5. You are not hungry after training
I’ve saved the best till last as its 1. The hardest and 2. IMO, the best indicator.
So you get up and train. Instead of coming back and necking a bowl of cereal, 2 flap jacks and a protein smoothie… you eat nothing. You may have to drive somewhere or you are just showering and distracted with other stuff at home… whatever… but you feel no major hunger and you are not chewing your leg off since you already chewed your arm off during an intermittent fast.
Now I don’t mean a 30min workout in the gym or a yoga class. I mean something where you had to push it and expend a good deal of energy. A long run or bike or hard swim set…. Or a weights/cardio long session in the gym. Something where you out for a while and burnt a decent bit of fuel.

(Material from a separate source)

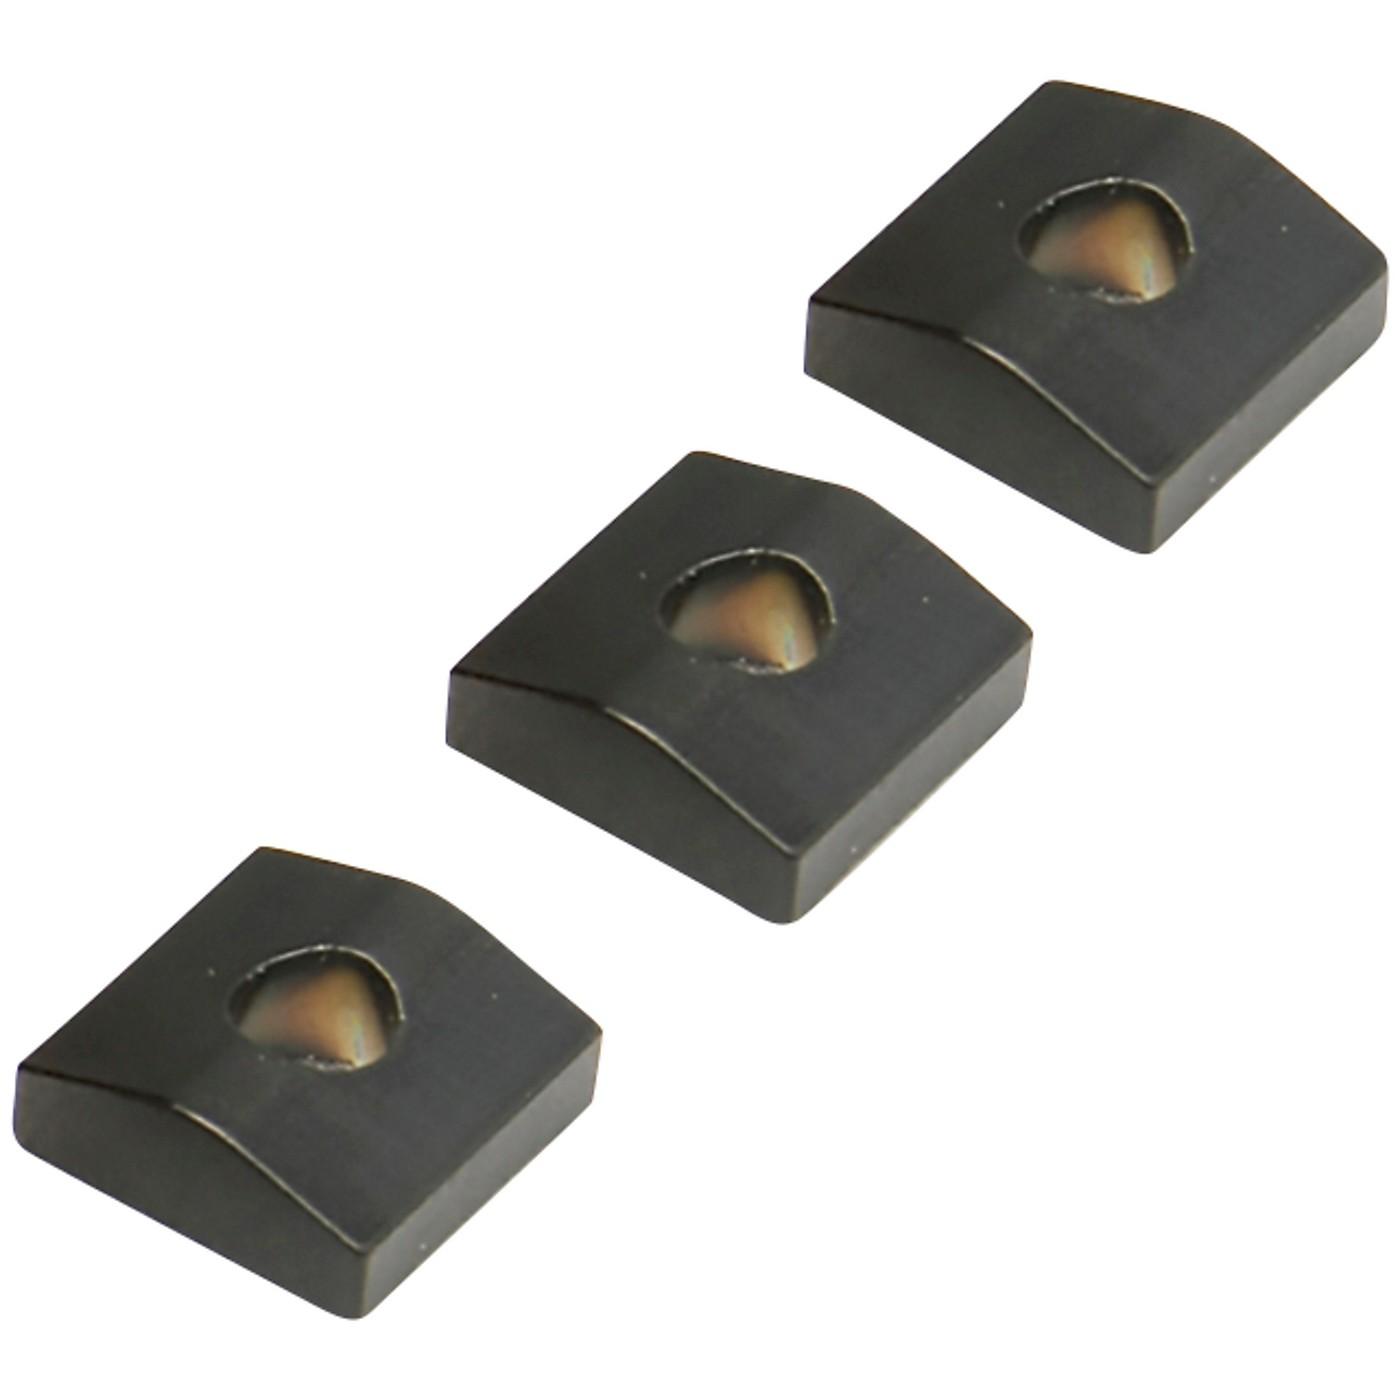 Floyd Rose Nut Clamping Blocks, Set of 3 thumbnail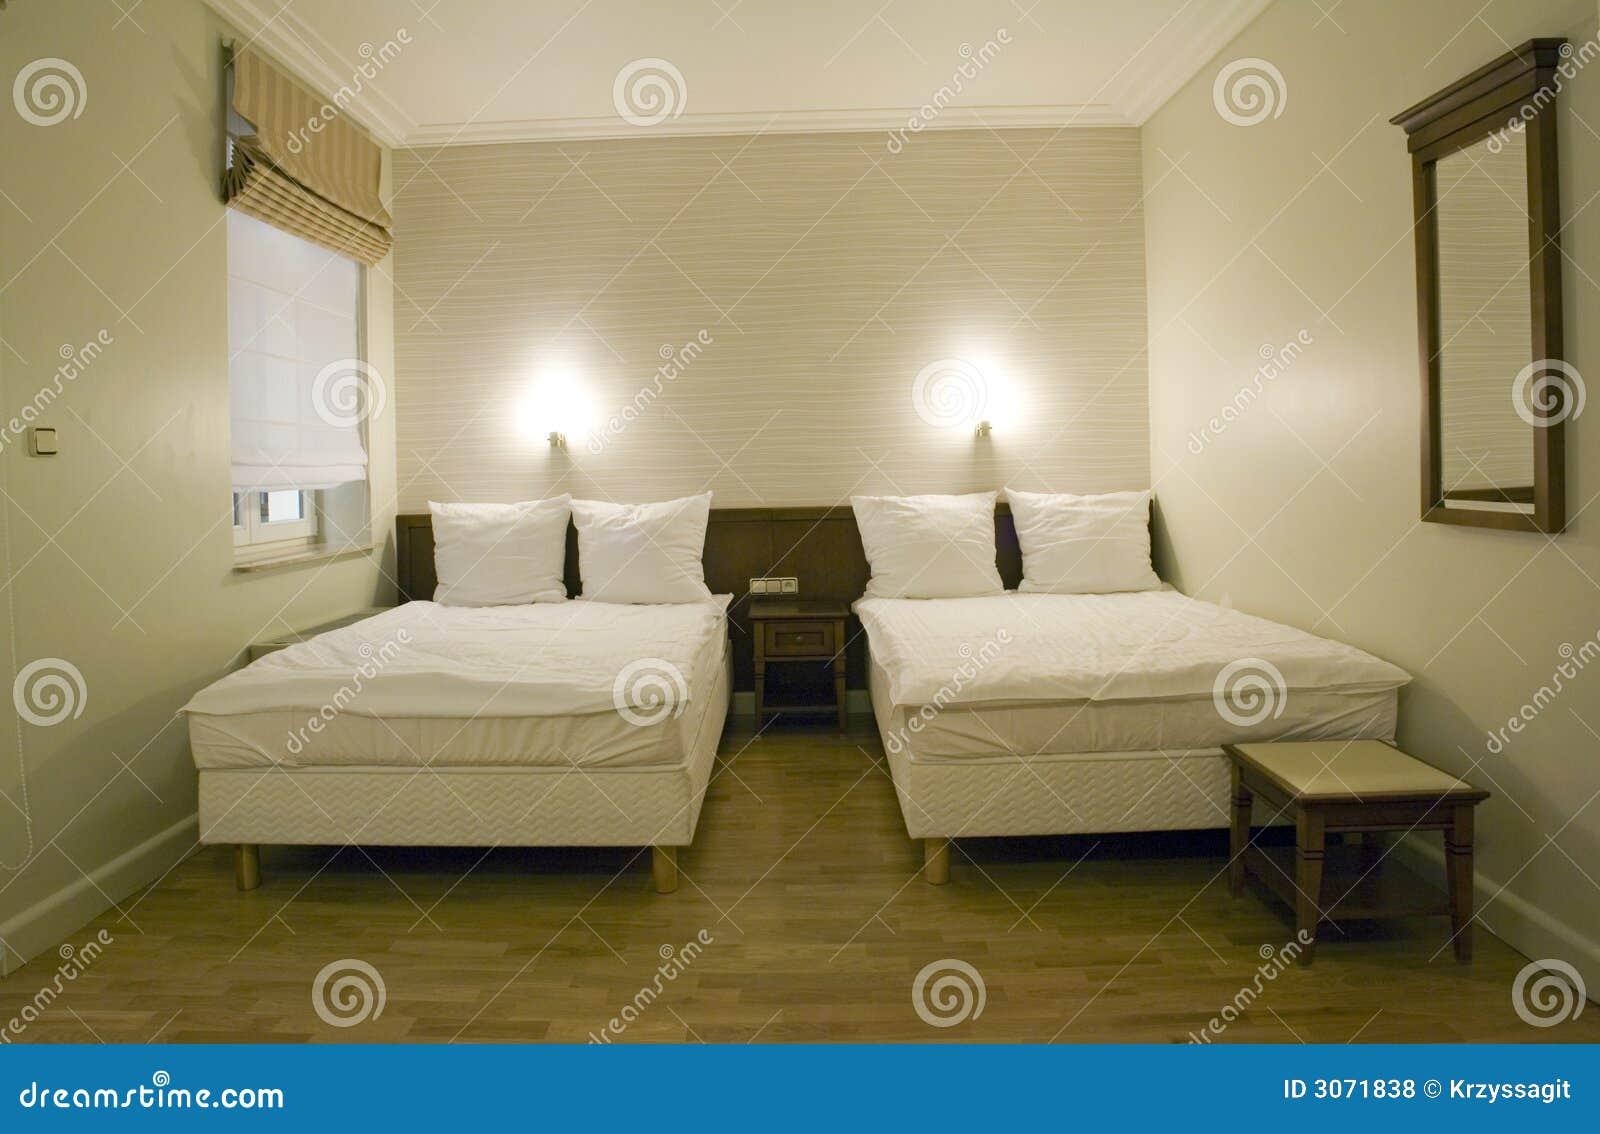 Kleine slaapkamer stock foto afbeelding bestaande uit ruimte 3071838 - Slaapkamer klein gebied ...

Example: wake up, no breakfast, or just some eggs
Drive home 30mins. Shower/change 30mins.
Cook/Eat: 12.30 – 1pm
If at the end of that session you do not feel ravenous or feel no rush to eat… then this is a major sign that you have increased the rate at which you can burn fat as a fuel. Why? As it means you have increased the rate at which you can oxidise fatty acids and convert them to ATP. It means you have increased the storage depot of fatty acids in the muscle called IMTG’s (intramuscular triglycerides). It also possibly means you have increased gluconeogenesis, which is your own glucose manufacturing process. It may also mean you are producing ketones as an addition fuel source. In addition, you may have lowered your overall inflammatory response to the exercise.
All this occurs when you are highly fat adapted.